Преступление победителя (ЛП) - Руткоски Мари. Страница 61

Да. Арин пытался мысленно заставить ее сказать это. Когда он сумел наконец вдохнуть, его разум не знал, что делать со словами «союз», «доверие» и даже «нечто большее». Он знал лишь одно слово — «да». Позже он полностью оценит свое оружие. Пошатнется при мысли о том, что создал. Но сейчас существовали только «нет» и «да»: Арину пришлось выбирать. Ему пришлось найти что-то, что поможет ему добиться того ответа, который был ему нужен.

— Это, — проговорил Рошар. — Это против империи.

— Подумайте о том, сколько нужно черного пороха, чтобы стрелять из пушки, — сказал Арин. — Валорианцы не обращают на это внимания. У них пороха хватает. У нас — нет, но с этим оружием нам много и не надо, и его можно брать куда угодно. Пусть они таскают свои тяжелые пушки. Пусть жертвуют лошадьми и людьми, чтобы доставить артиллерию в нужную позицию. Я знаю, — Арин покачал головой, — мое приспособление недостаточно меткое. Пока. Но я могу улучшить его меткость.

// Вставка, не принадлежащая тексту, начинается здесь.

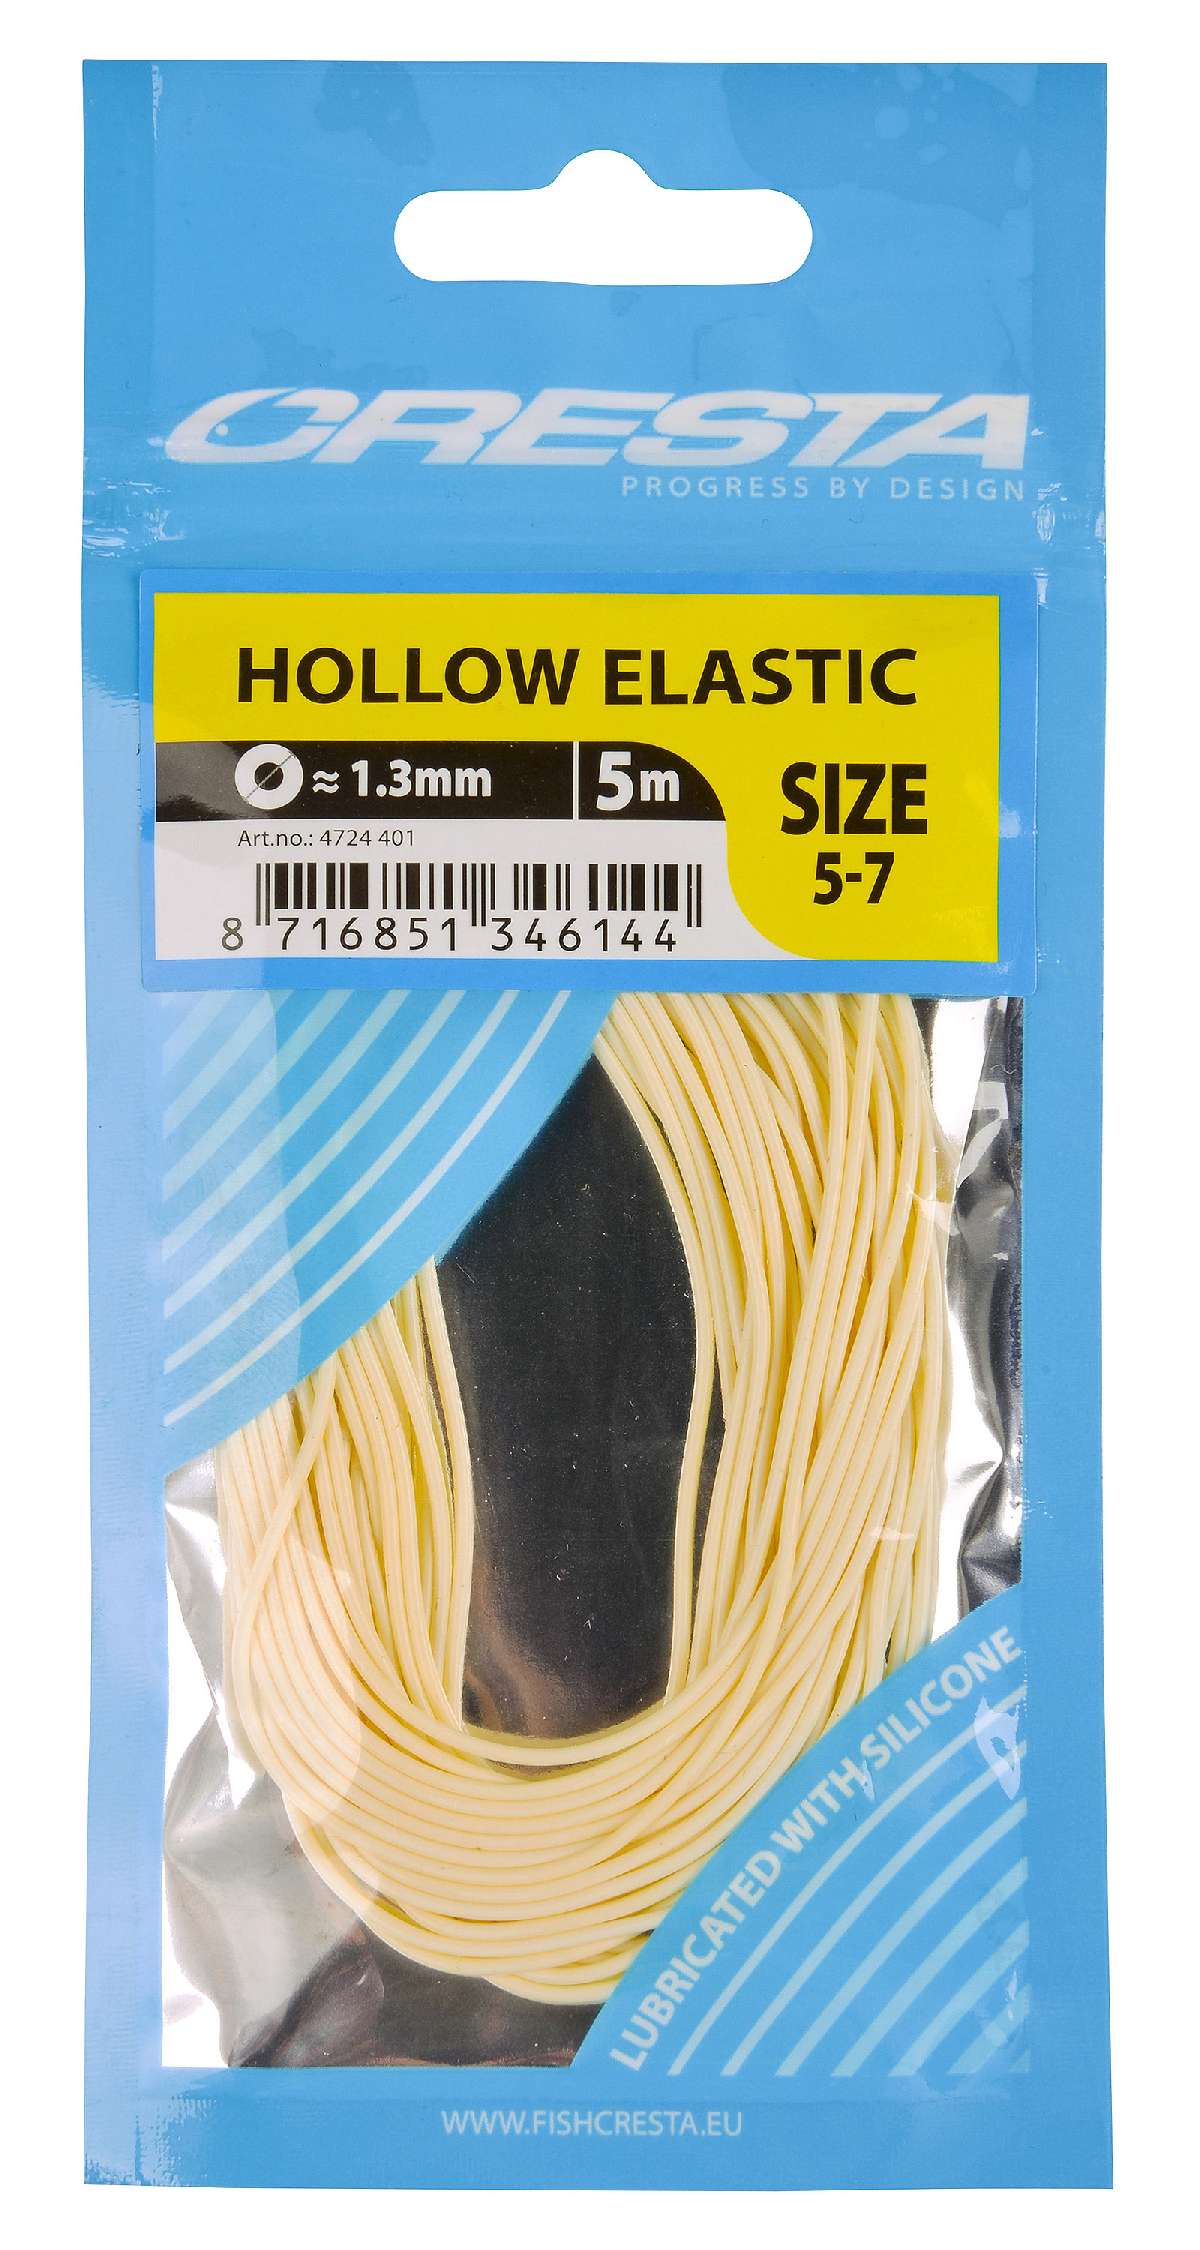 Cresta Hollow Elastic 1.3 mm  5 m  White
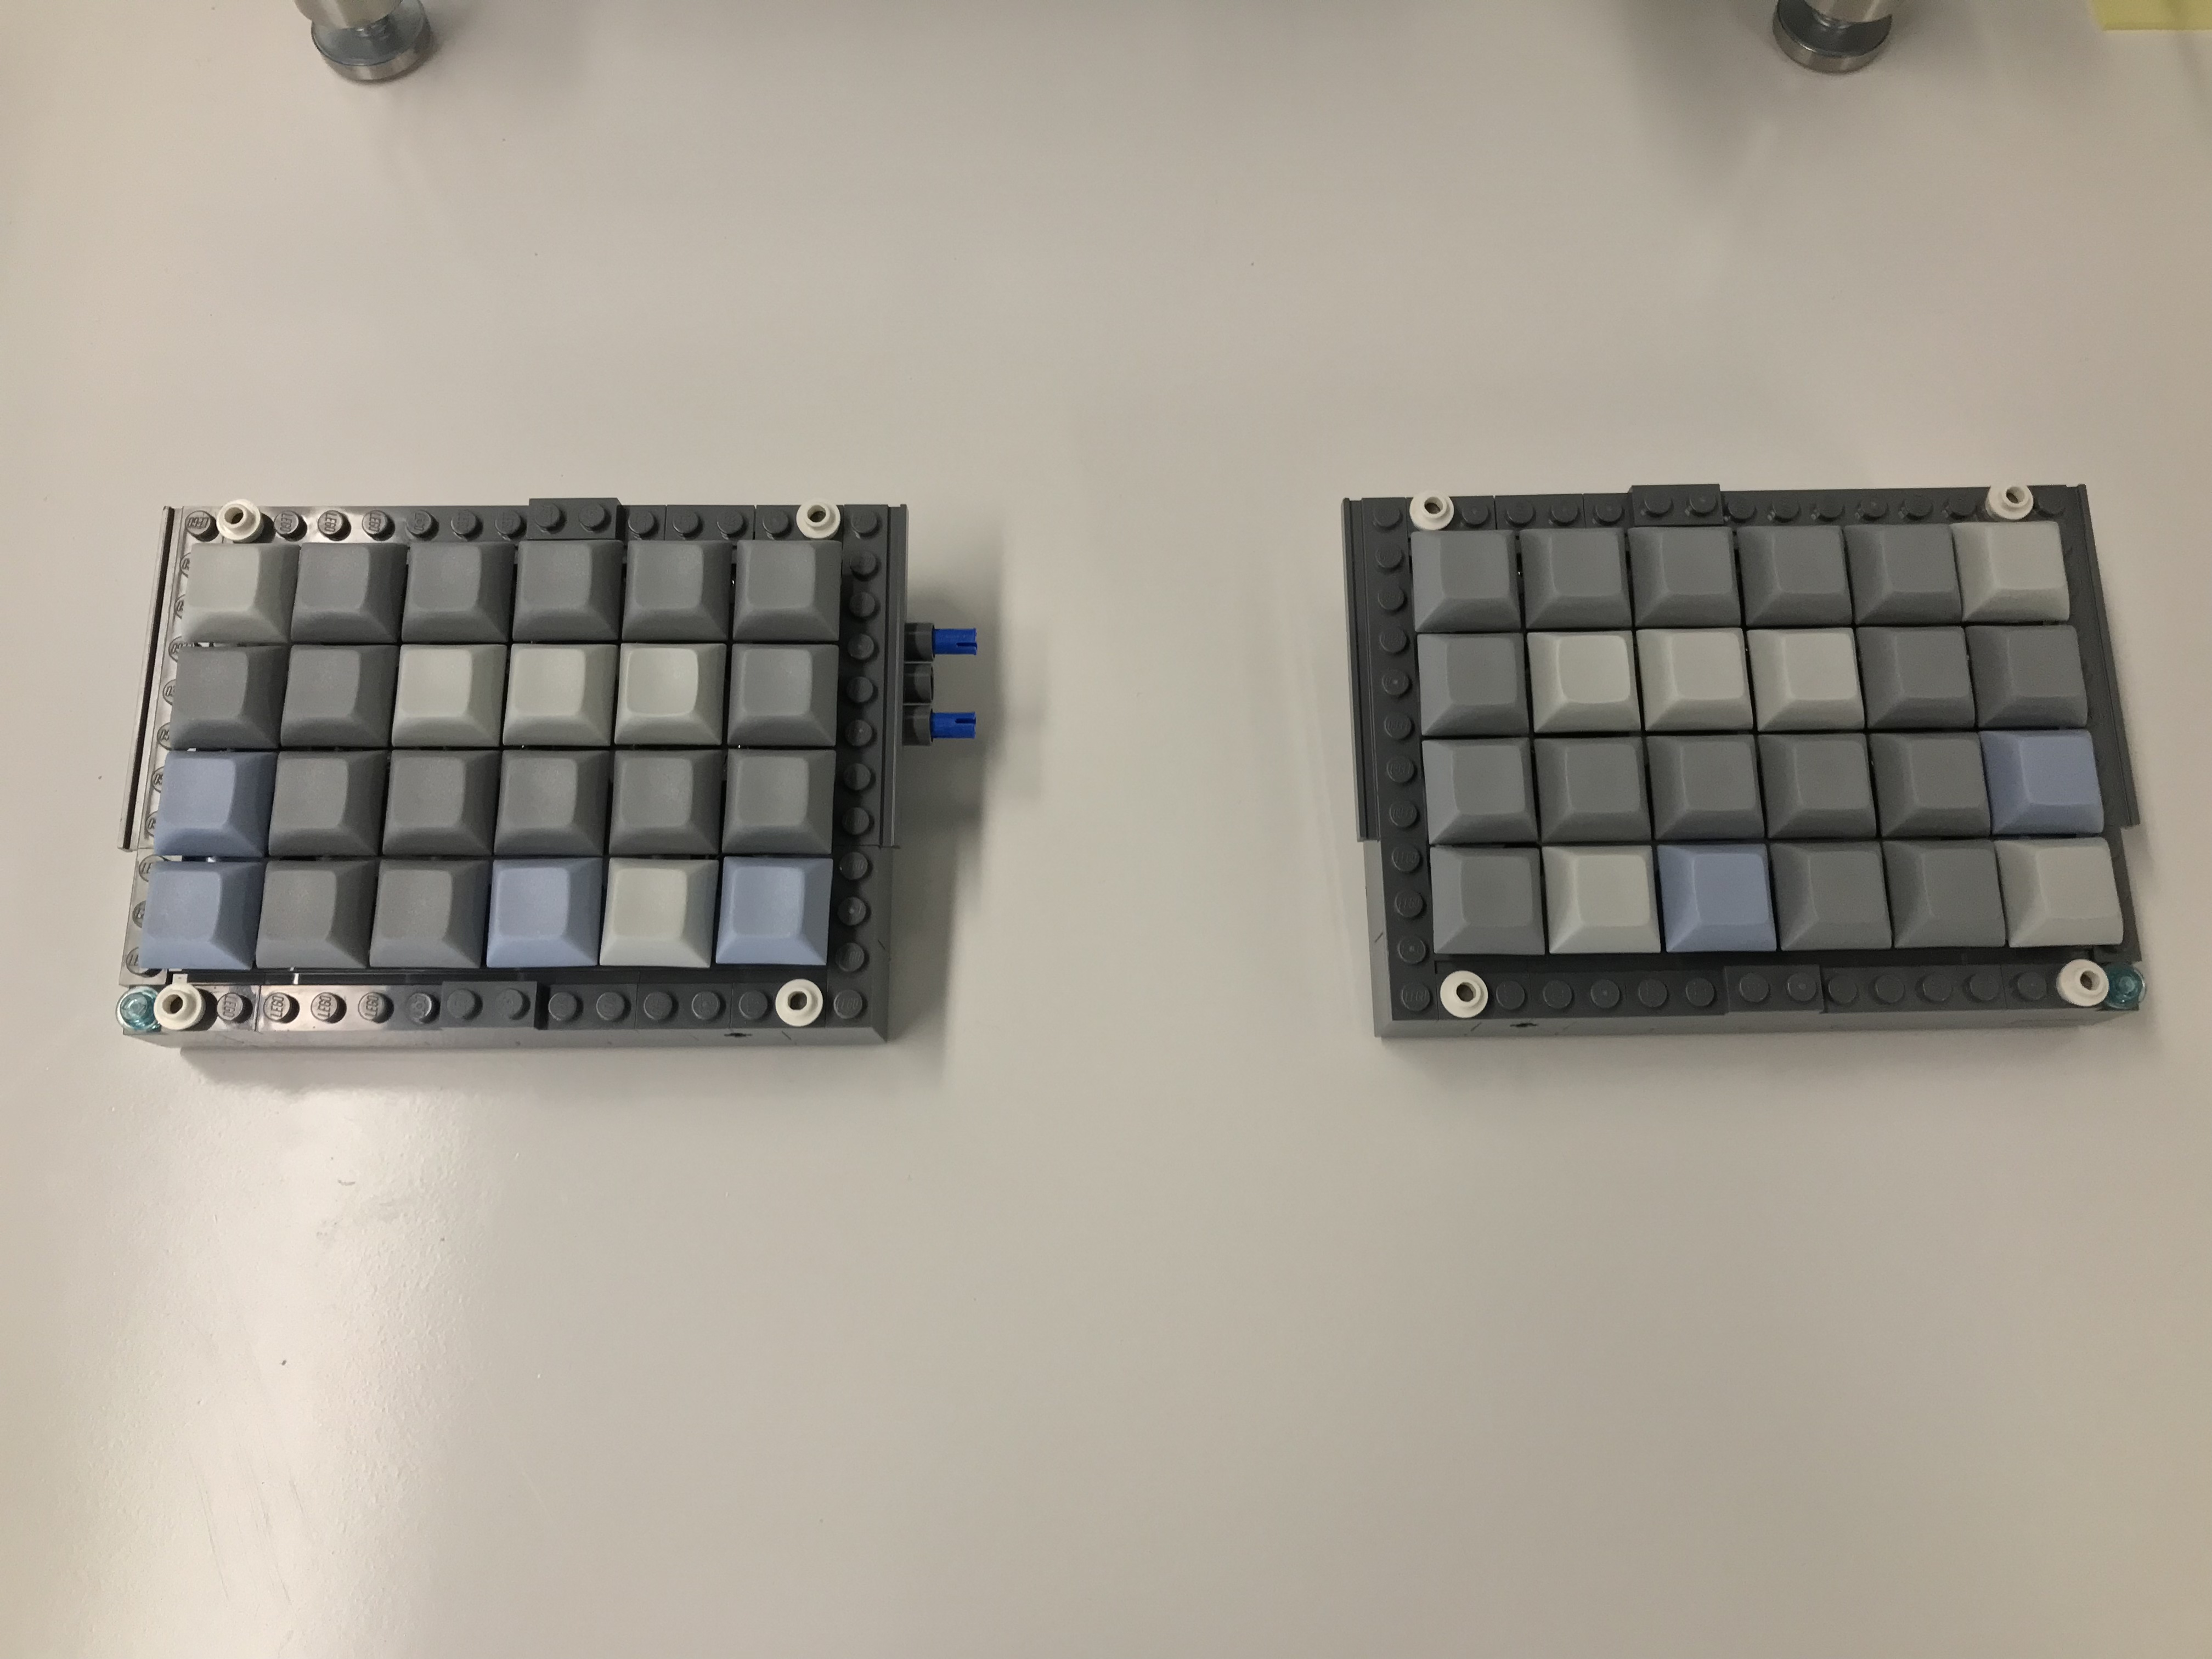 Lego Let's Split Keyboard

Рошар и королева все еще молча смотрели на него.

— Пройдемте со мной, — сказал Арин. — Я хочу вам показать еще кое-что.

Он провел королеву и принца в кузницу, где было жарко из-за чана с расплавленным металлом, приготовленного Арином. Он снял оружие с плеча. Подошел к чану. Когда королева осознала, что он намеревается сделать, она судорожно втянула в себя воздух. Арин бросил оружие в чан.

Он обернулся к королеве и ее брату:

— Геранцы произведут еще. Я научу их. Мы снабдим вас этим оружием. Мы сделаем это... ради союзников.

— Обязательно было расплавить его? — спросил Рошар.

— Я хочу, чтобы вы нуждались во мне. Вы могли бы забрать его, изучить механизм и найти способ воссоздать его. Тогда вам не было бы от Герана никакой пользы.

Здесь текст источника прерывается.